State officials in Kansas and Arizona had sued the U.S. Election Assistance Commission for refusing to include their strict proof-of-citizenship requirements on the federal voter registration form the commission prepares under the National Voter Registration Act, also known as the "motor voter" law.

The federal form requires only that voters state under oath that they are citizens, and while the commission includes certain state-specific instructions on the form, it denied the request by Kansas and Arizona because it found no evidence that noncitizens registering to vote was a "significant problem" in either state.

Federal District Judge Eric Melgren ruled on Wednesday that the commission had acted "in excess of its statutory authority" because the federal law "has not pre-empted state laws" that require documents proving citizenship. Under the Constitution, states have the power to decide who may vote, while the federal government has the final say in how, where and when voting occurs.

But the legal dispute should not distract anyone from recognizing the underlying purpose of laws like these and their close relative, voter ID laws. They are intended to keep eligible voters from the polls.

Republican lawmakers who work to impose higher bars to voting — either through proof-of-citizenship or voter ID laws — are well aware that many of those otherwise-eligible voters who struggle to come up with the required documents, which include a birth certificate, passport or driver's license, are more likely to vote Democratic. Sometimes they even say it out loud, as Mike Turzai, the majority leader in the Pennsylvania statehouse, did in 2012 when he bragged that the state's voter ID law was going to "allow Governor Romney to win the state of Pennsylvania."

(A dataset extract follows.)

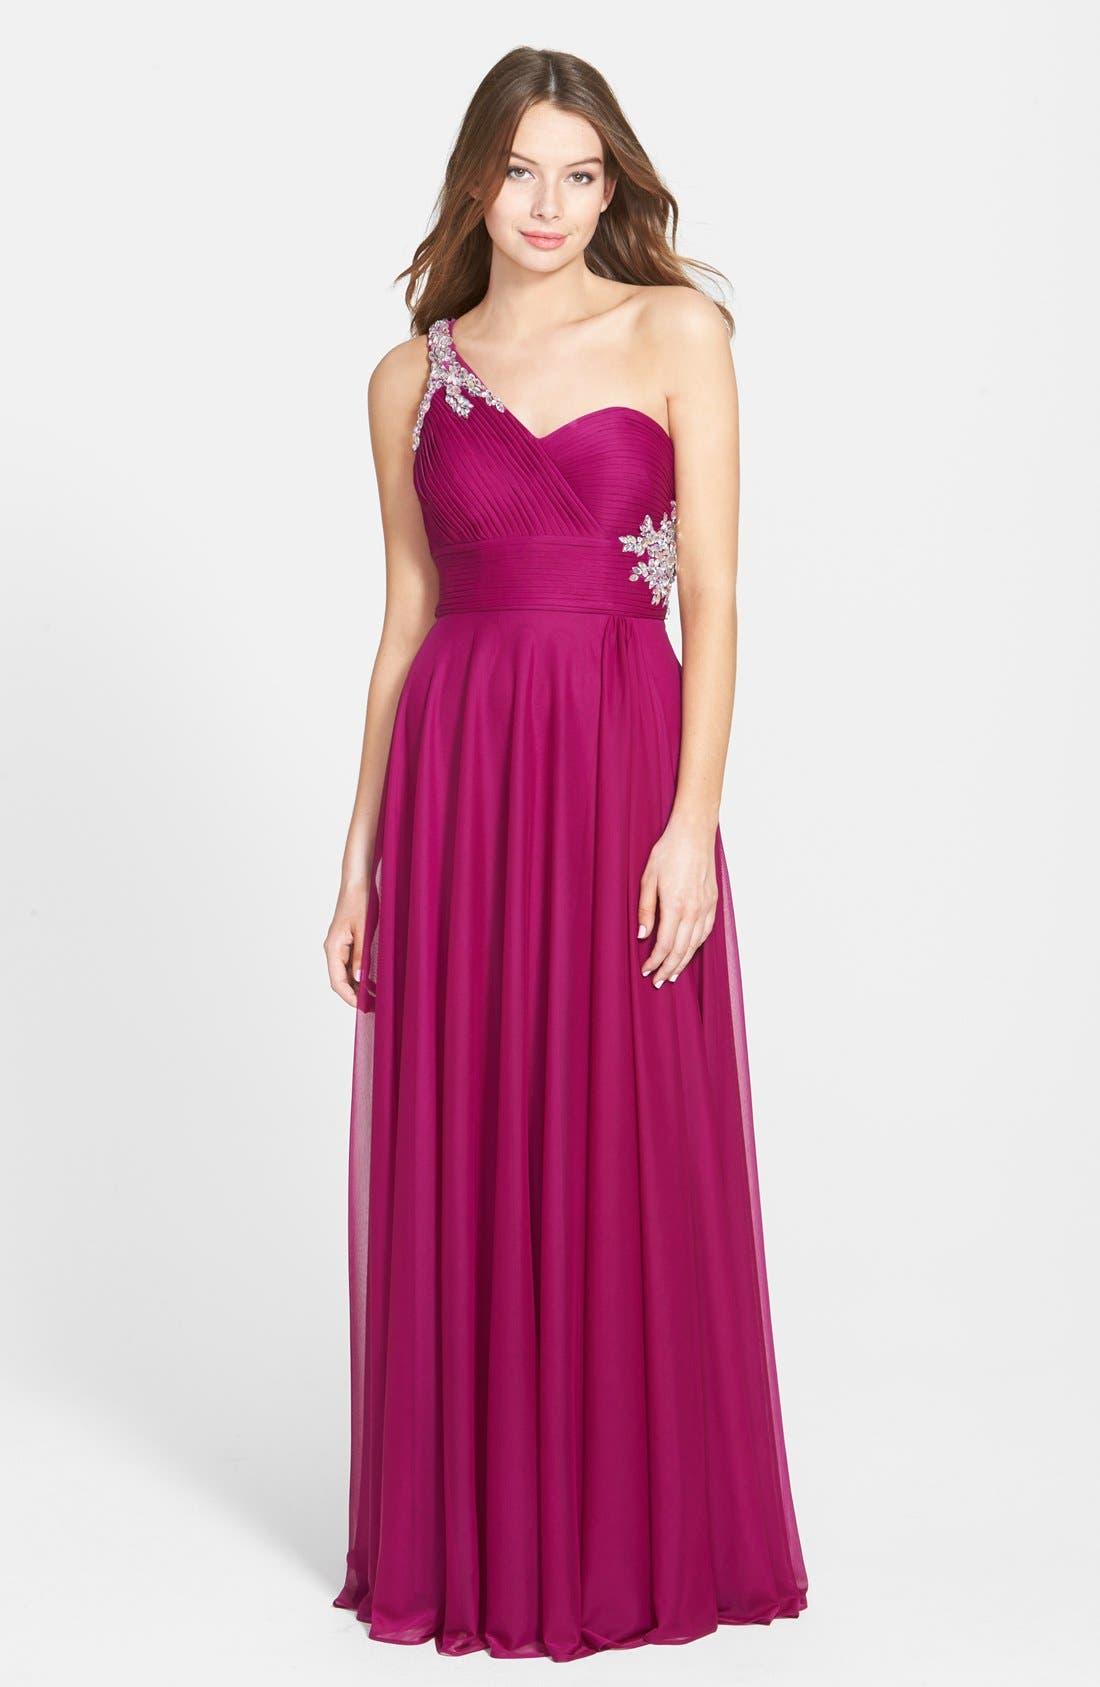 Alternate Image 1 Selected - Xscape Embellished One Shoulder Mesh Gown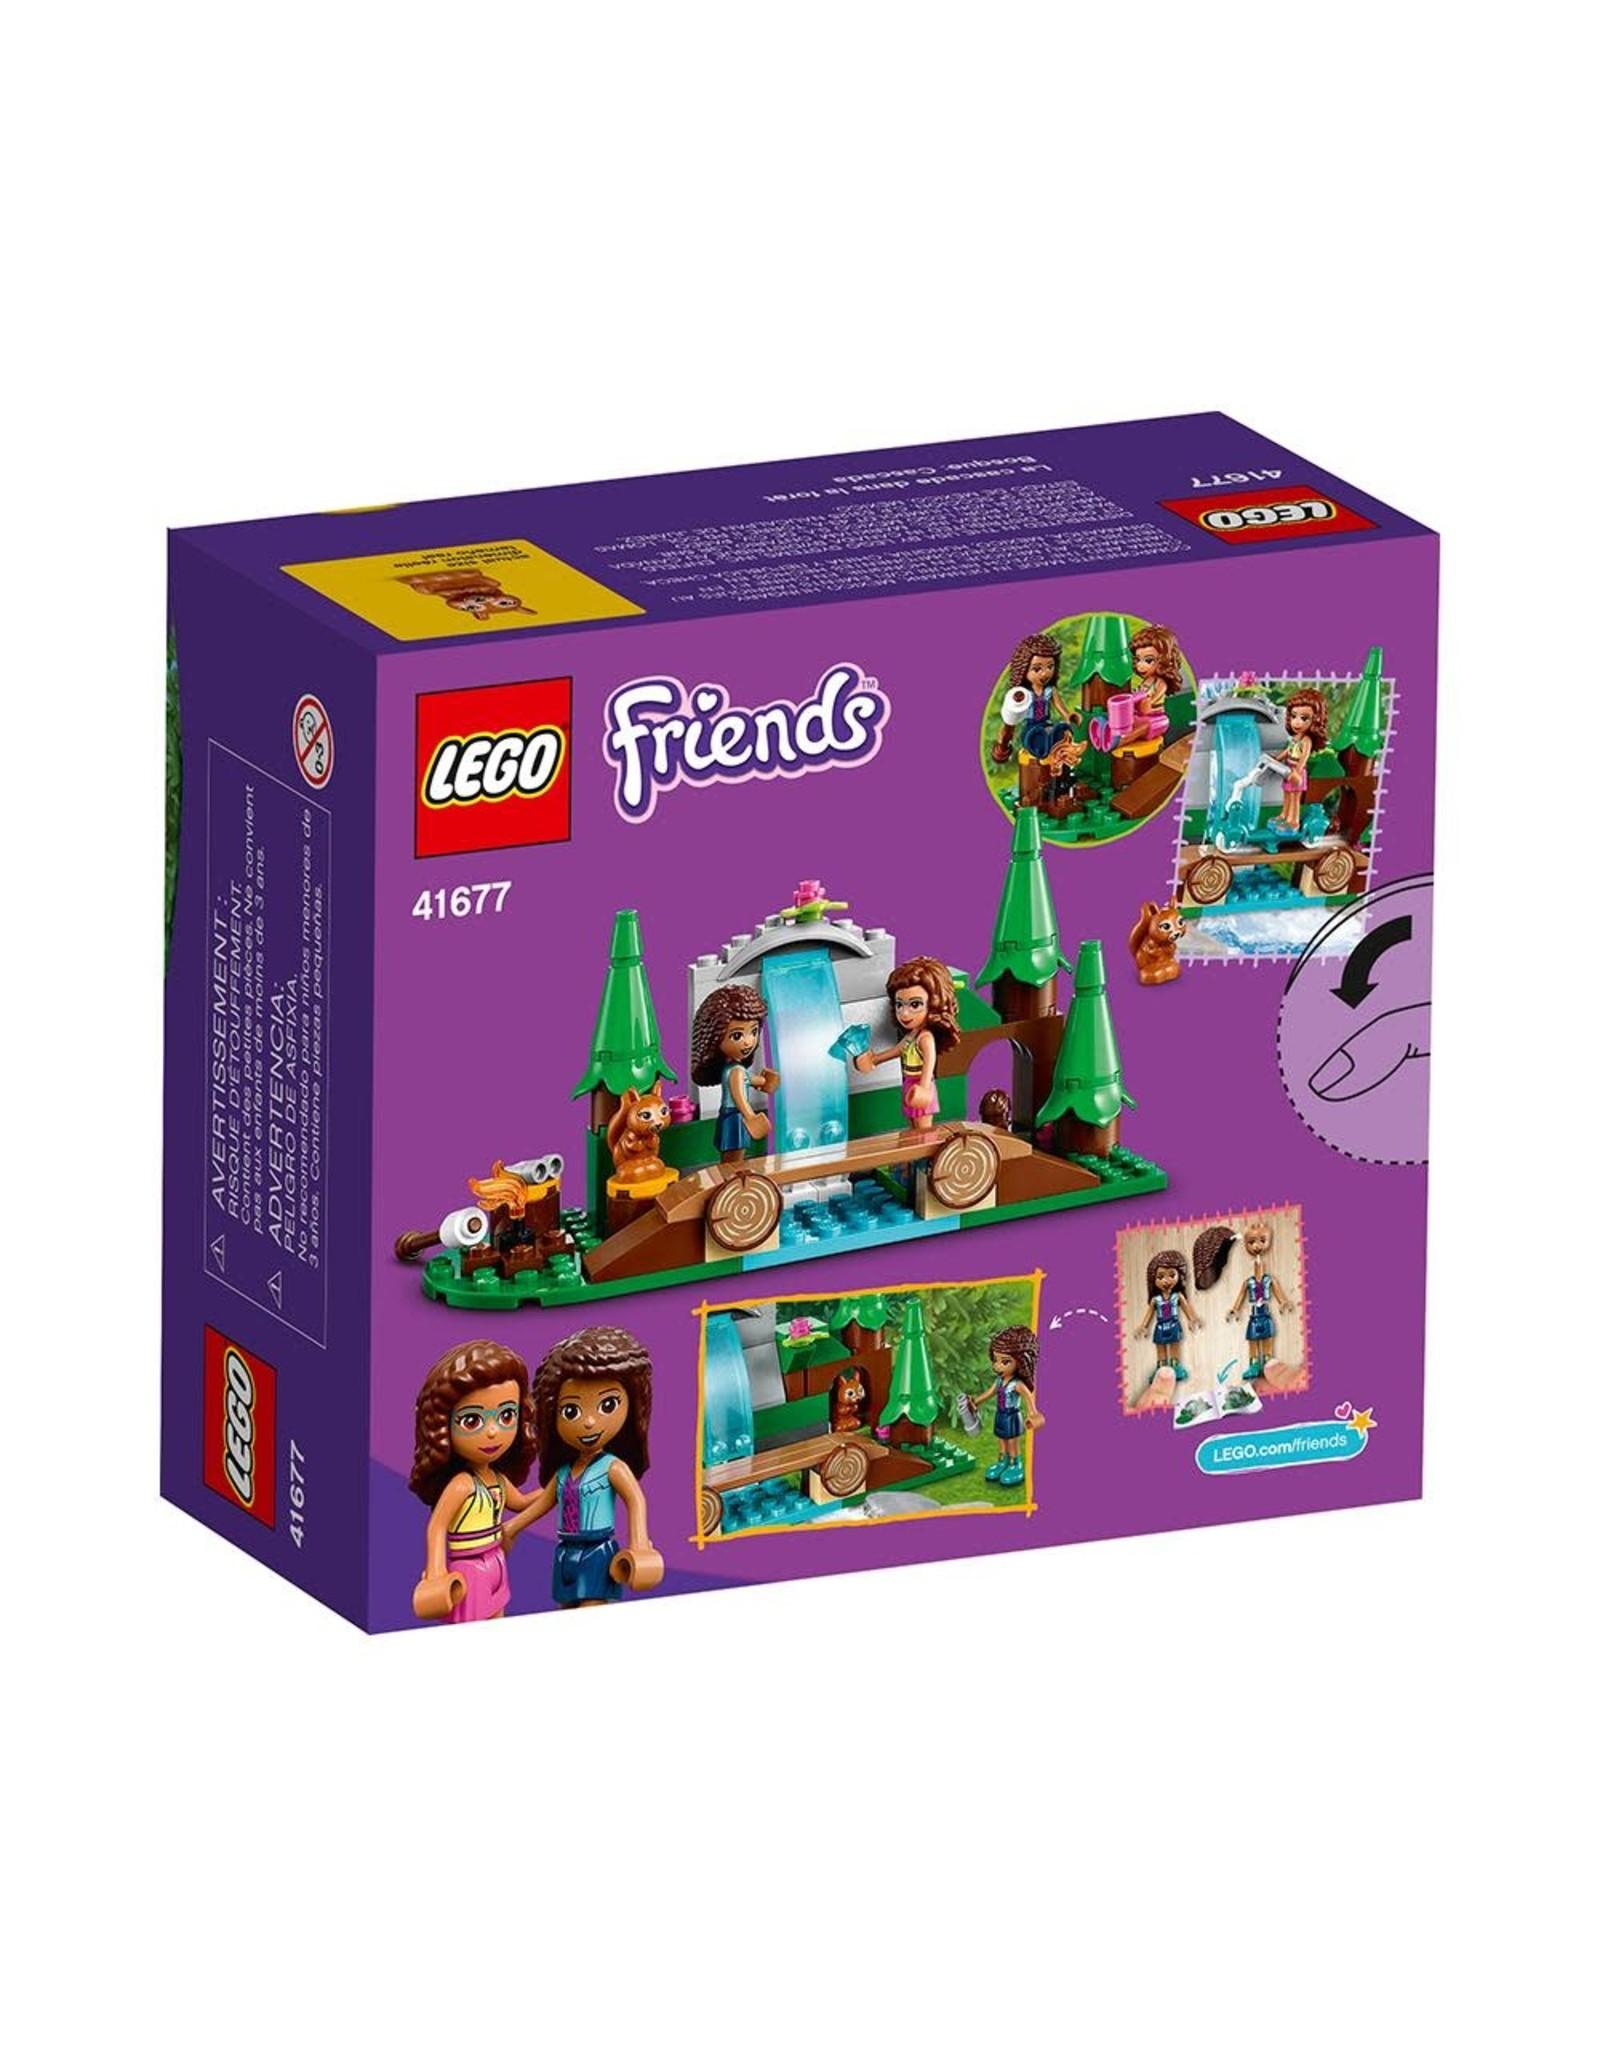 LEGO Friends  41677 Forest Waterfall

Nevertheless, Melgren accepted at face value the claim by Kansas and Arizona that only "concrete proof of citizenship" can allow them to determine whether a voter is eligible. He ignored the fact that neither state had actually demonstrated that such proof was "necessary" to prevent fraud. Kansas officials identified at most 21 noncitizens who had registered to vote, out of more than 1.76 million registered voters in the state. The percentage alleged by Arizona was similarly minuscule.